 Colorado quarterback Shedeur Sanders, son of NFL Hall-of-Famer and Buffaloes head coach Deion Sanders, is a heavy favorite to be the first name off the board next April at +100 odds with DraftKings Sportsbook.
------------------------
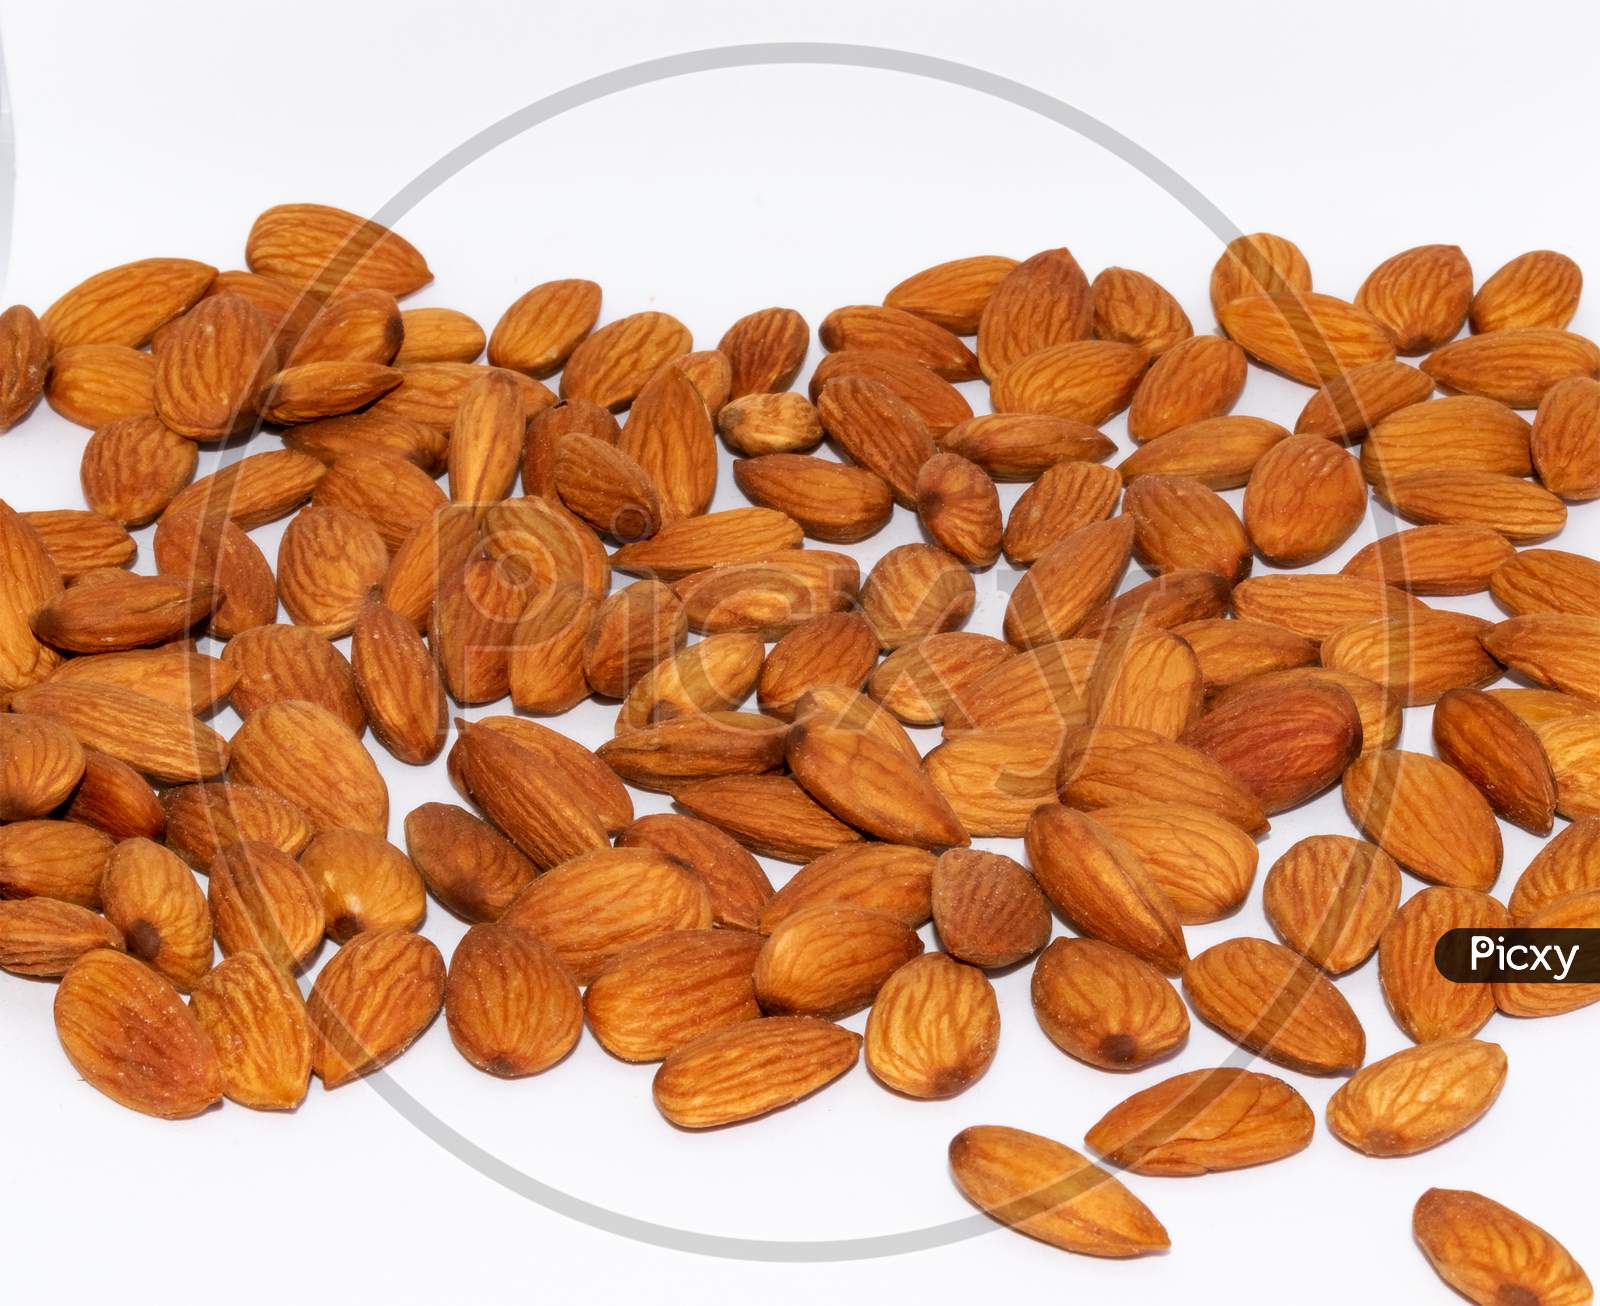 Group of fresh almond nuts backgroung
------------------------
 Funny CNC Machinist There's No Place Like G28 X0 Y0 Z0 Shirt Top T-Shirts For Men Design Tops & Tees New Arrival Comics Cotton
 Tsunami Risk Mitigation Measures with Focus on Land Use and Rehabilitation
------------------------
[Your goal]: Go line by line through the records and copy those that contain the word "with".

[Worked solution]:
 Colorado quarterback Shedeur Sanders, son of NFL Hall-of-Famer and Buffaloes head coach Deion Sanders, is a heavy favorite to be the first name off the board next April at +100 odds with DraftKings Sportsbook.
 Tsunami Risk Mitigation Measures with Focus on Land Use and Rehabilitation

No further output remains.